▶ _DATA BELOW_
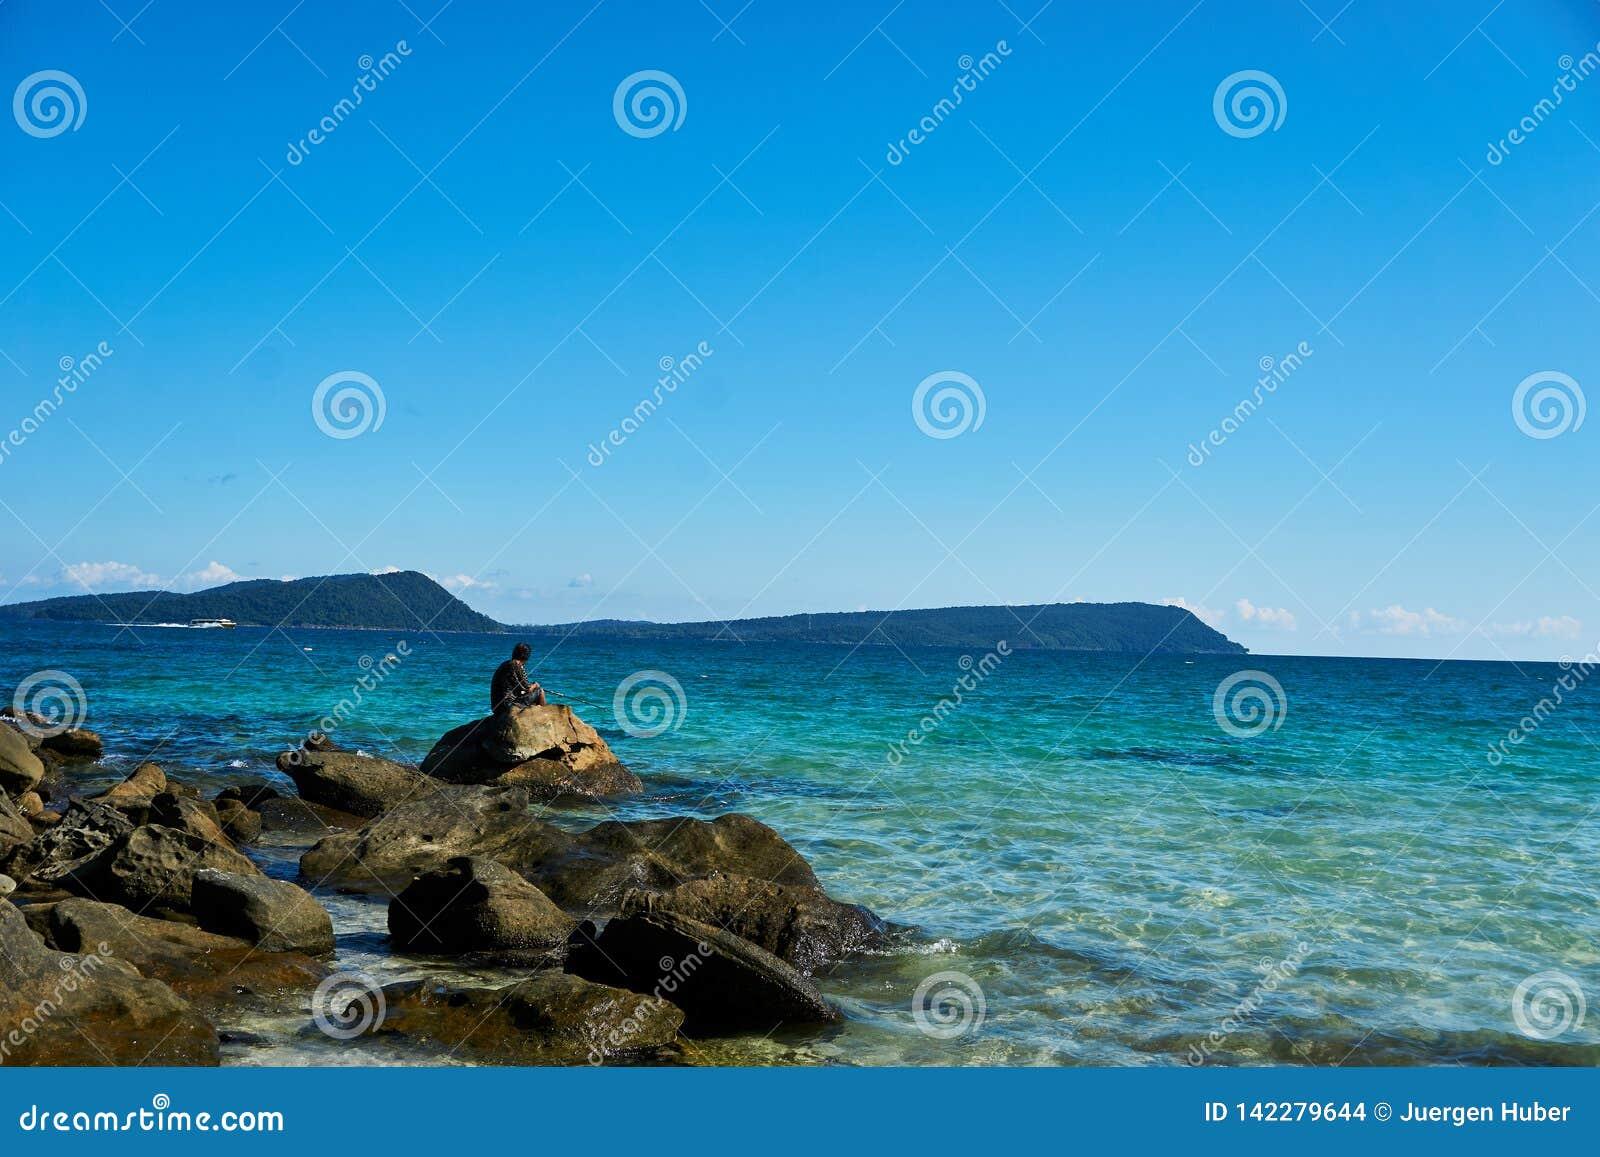 Рыболов удит на заливе Камбодже rong koh и сидит на камнях на пляже
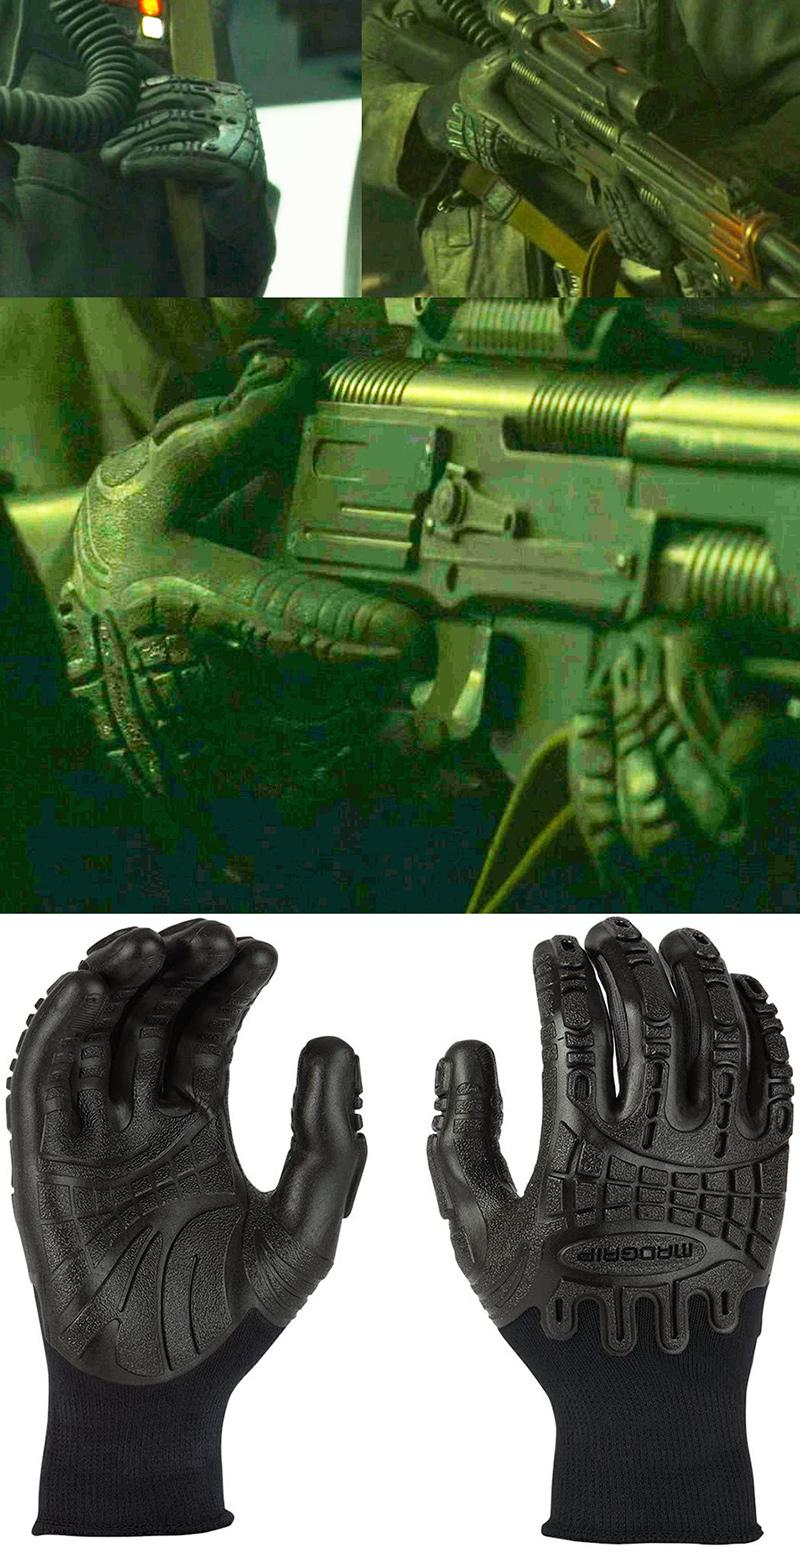 equipment_gloves.jpg
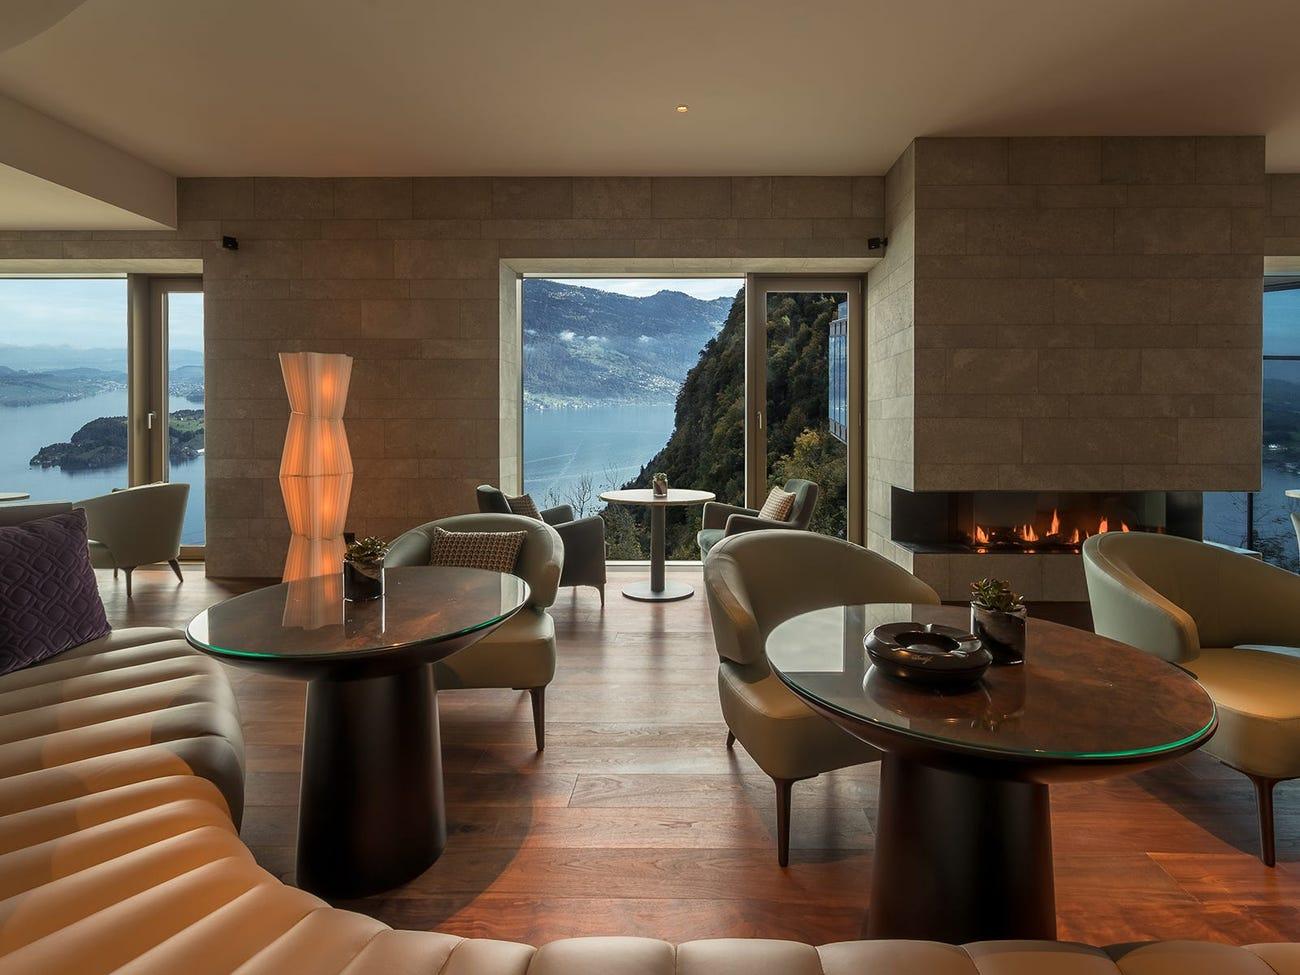 3 quán bar trong resort được thiết kế sang trọng và hiện đại. Một ly cocktail điển hình tại Lakeview Bar & Cigar Lounge có giá khoảng 26 USD, trong khi một điếu xì gà có giá 14-33 USD. Ảnh: Bürgenstock Hotels AG

▶ _TASK PROMPT_
Skip the pictures, then retype every line above exactly.

▶ _RESPONSE BELOW_
 Рыболов удит на заливе Камбодже rong koh и сидит на камнях на пляже
 equipment_gloves.jpg
 3 quán bar trong resort được thiết kế sang trọng và hiện đại. Một ly cocktail điển hình tại Lakeview Bar & Cigar Lounge có giá khoảng 26 USD, trong khi một điếu xì gà có giá 14-33 USD. Ảnh: Bürgenstock Hotels AG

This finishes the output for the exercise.